Not everyone had luck on their side. Texans were already hurting because of the pandemic. At least 41,000 people filed unemployed due to Covid-19 this week. Houston only passed an eviction grace period this week. Plus, to state the obvious, homes in Houston and along the Gulf shores are not meant to protect from this type of winter weather. Even if you were only marginally affected by the pandemic, but lost power in Galveston, you were in real danger.
If I sit with this governmental abandonment too long, it makes me seethe with rage. I feel it radiate at Ted Cruz leaving us for Cancún, and John Cornyn’s culture-war bullshit when power was already out, and Rick Perry saying people would want longer blackouts to stop regulation, or Greg Abbott blaming wind power and the not-enacted Green New Deal for the blackouts. I feel this rage at the long line of Republican governors and legislators who value markets over human life.
People across my state are dead. They deserve the truth to be told about their deaths. Their government did not adequately prepare them for a climate change disaster. Their government did not adequately prepare itself for this climate change disaster. And there will be more storms. We’ve seen disasters that the state has turned away from, never learned anything like a lesson from the loss of life or the scale of suffering. What’s more upsetting is that Texans who have lived through climate disasters support solutions. In 2020, the University of Houston found that three years after Hurricane Harvey, people whose homes were devastated by the 50-plus inches of rain dumped on southeast Texas overwhelmingly support flood-mitigation efforts, but only 52 percent are “somewhat” or “very confident” in local officials to prevent future flooding trauma. Rick Perry doesn’t know anything about his state.
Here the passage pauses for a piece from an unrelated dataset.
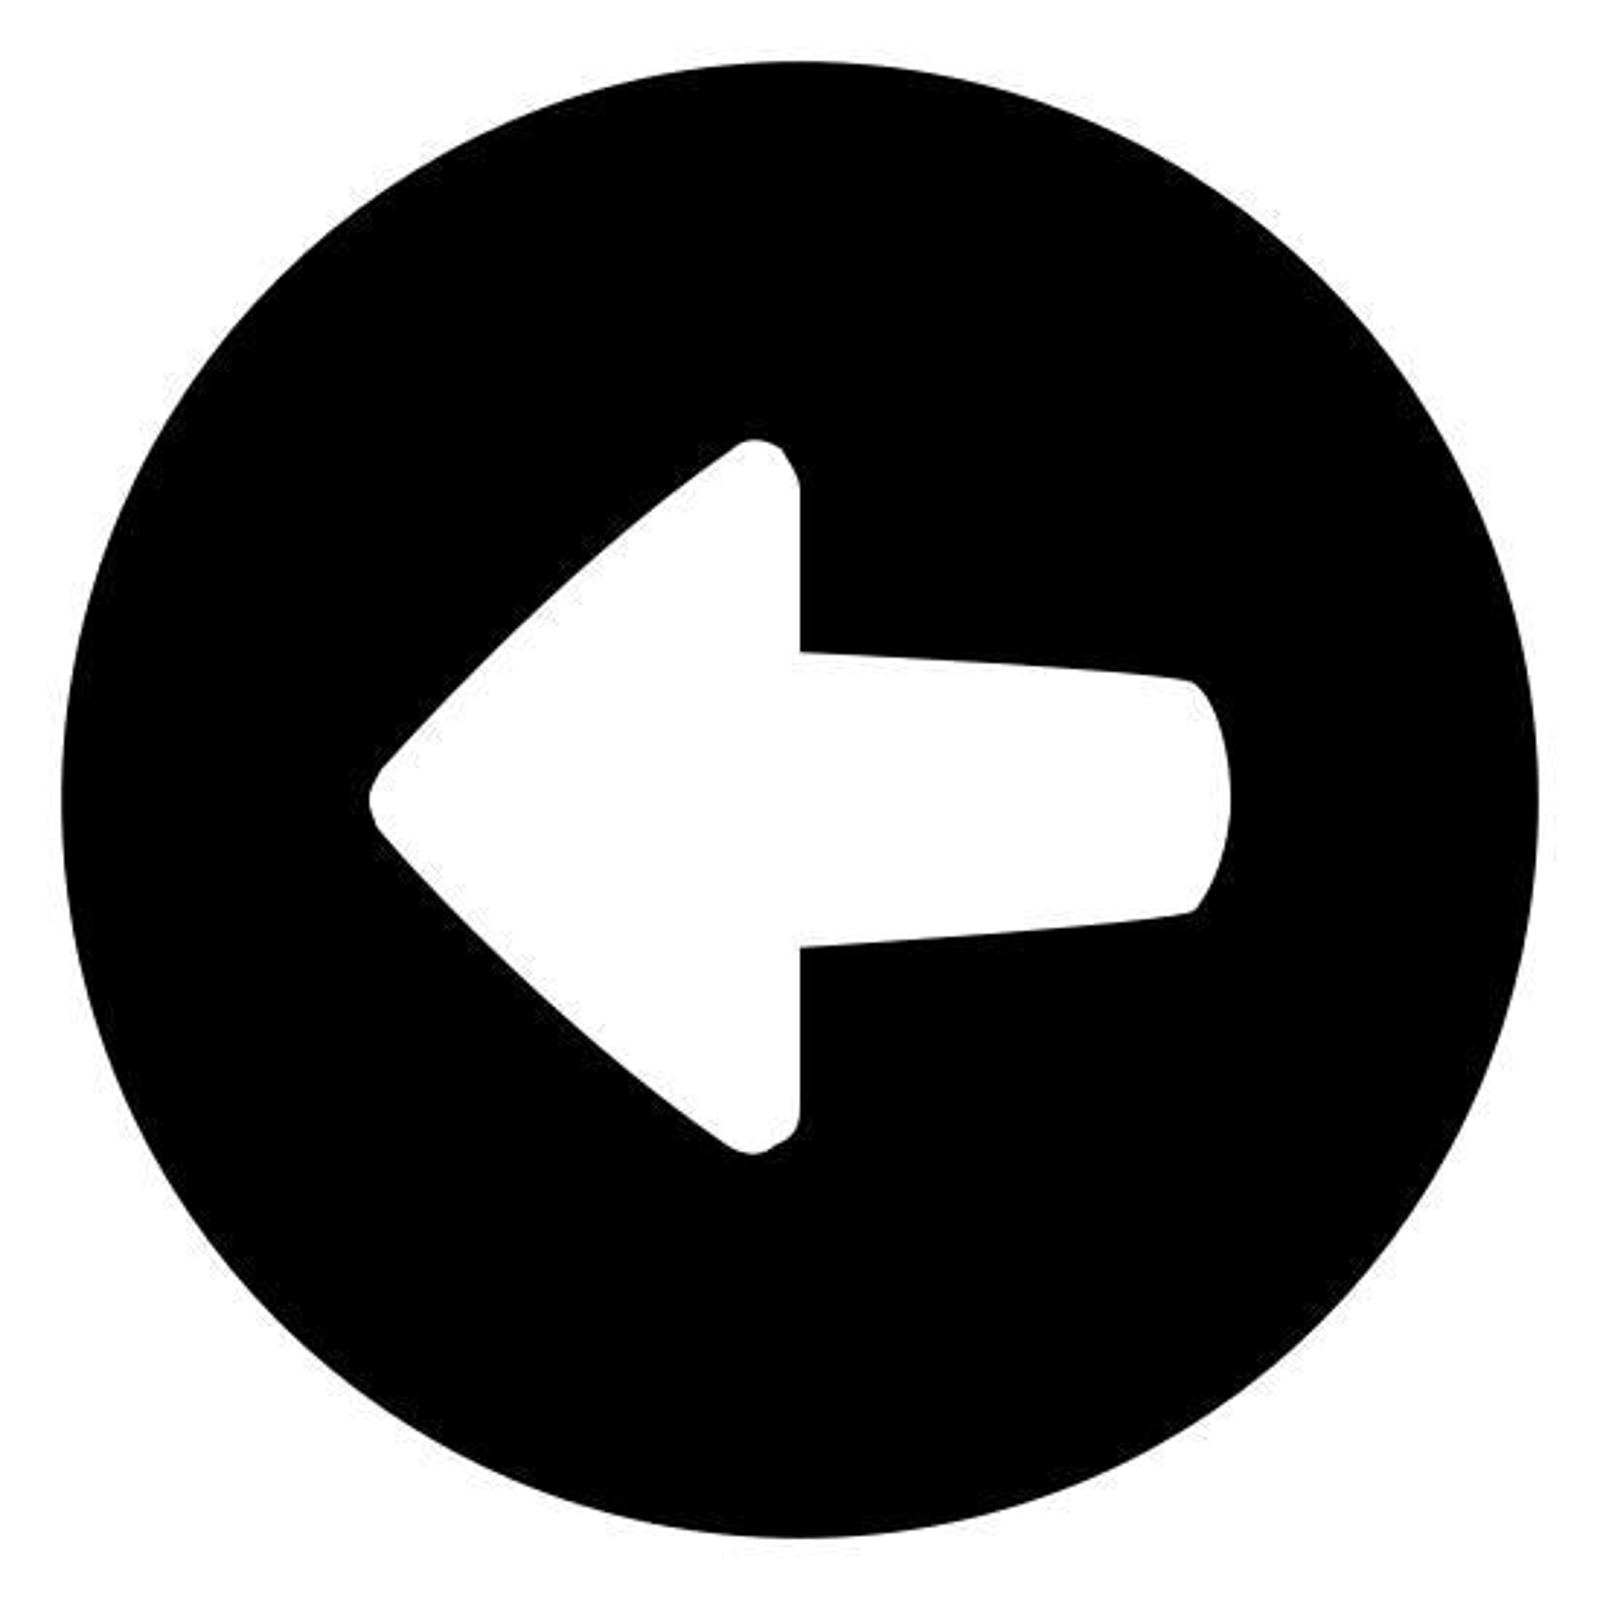 Lewo w kółku icon

The most frightening part of the experience was coming out from the fog only to realize that the machine to forget was well oiled and running. As the climate crisis worsens, we will continue to see these “500-year” weather events. What happened this week was extraordinary. It was a catastrophe. How we were treated this week was unacceptable. How Texans were treated during Hurricane Harvey was unacceptable—was also a catastrophe. How Puerto Ricans were treated during Maria was unacceptable—another catastrophe. But our political system is built around forgetting, around powerful people who would like us to turn away from the things we’ve lived through—trapped in our homes, shivering—and turn away from each other. I keep hearing that I’m living through extraordinary times, and I guess that’s true. But we know this won’t stay extraordinary for long.